The role of foreign keys:
Maintain data consistency and integrity, primarily to control the storage of data in foreign key tables. Causes the two tables to be associated, the foreign key can only reference the values of the columns in the outside!
For example:
A B two tables
A table contains the customer number, customer name
Table B contains orders for each customer
After the foreign key is available
You can only delete customer x in table A if you are sure that there are no customer x orders in table B
The prerequisite for establishing a foreign key is that the column in this table must be the same as the foreign key type (the foreign key must be the outer primary key).

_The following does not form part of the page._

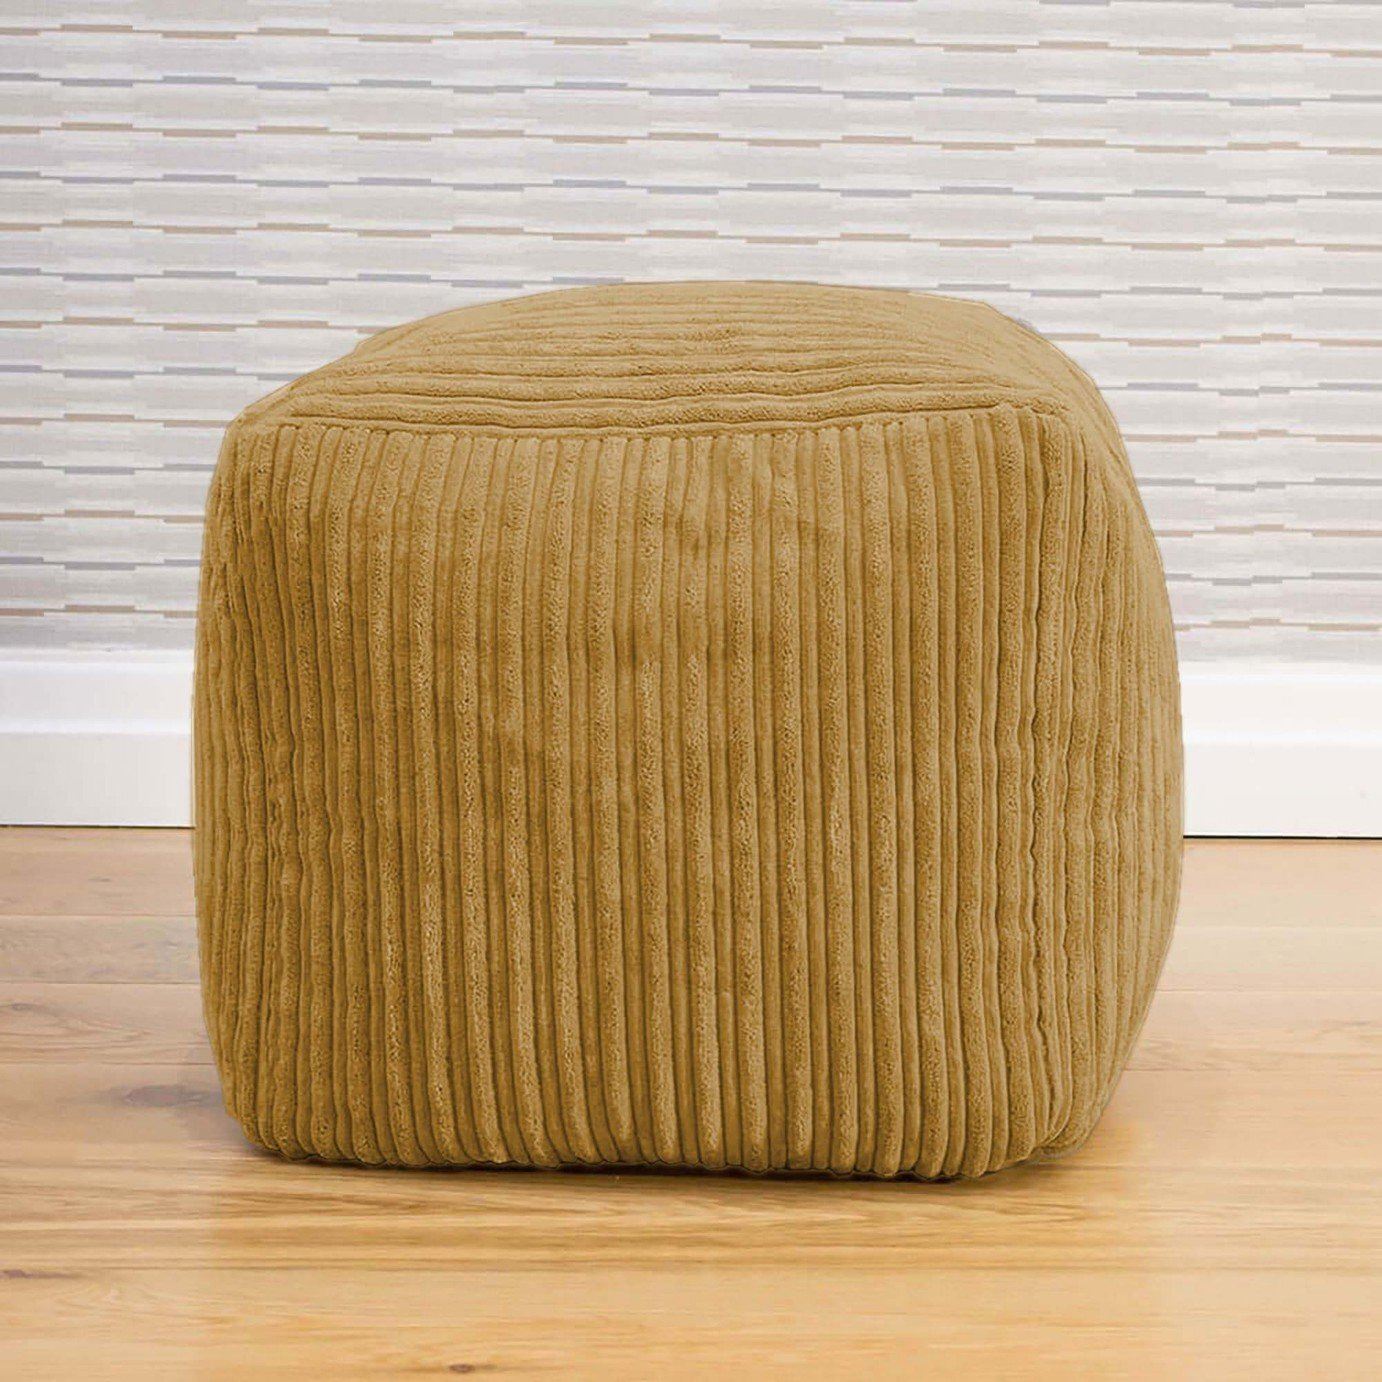 rucomfy Jumbo Cord Cube Bean Bag - Mustard - image 1

Specify PRIMARY KEY Keywords: foreign key (column name)
Referencing foreign key keywords: references < foreign key table name > (foreign key column name)

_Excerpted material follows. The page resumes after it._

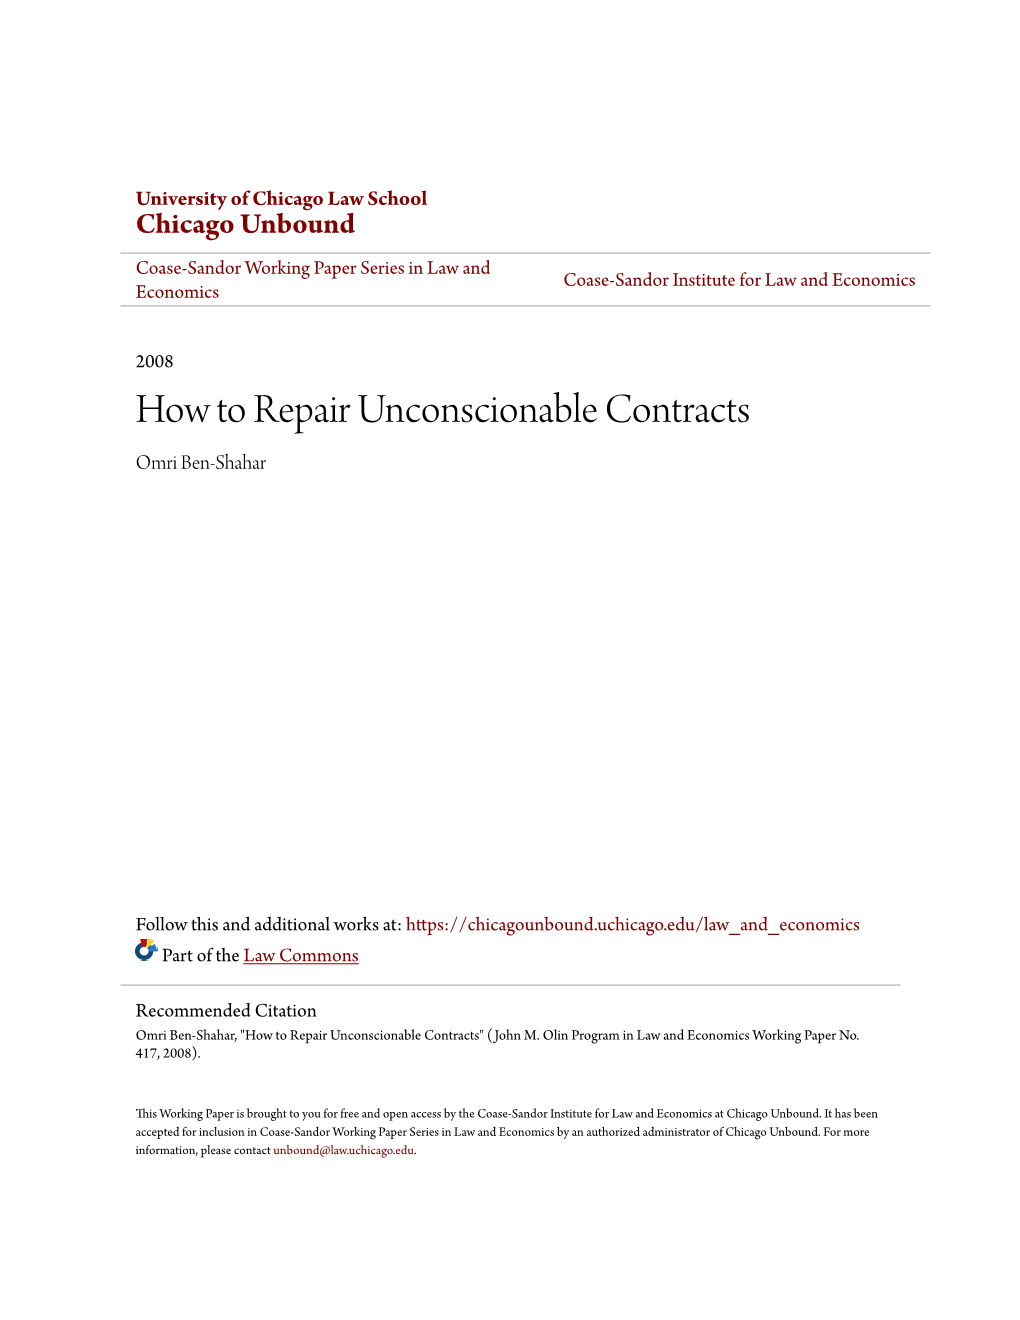 How to Repair Unconscionable Contracts Omri Ben-Shahar

Event Trigger restrictions: On delete and on update, to set parameter cascade (following foreign key changes), restrict (Restrict foreign key changes in the surface), set NULL (set NULL value), set default (set default), [Default]no action
For example:
Outtable table primary key ID type int
To create a table containing foreign keys:
CREATE TABLE Temp (
ID int,
Name Char (20),
FOREIGN key (ID) references outtable (ID) on DELETE cascade on UPDATE cascade);
Description: Set the ID column as a foreign key reference to the outer outtable ID column when the value of the foreign key deletes the corresponding column in this table screen except when the value of the foreign key changes the corresponding column value in this table.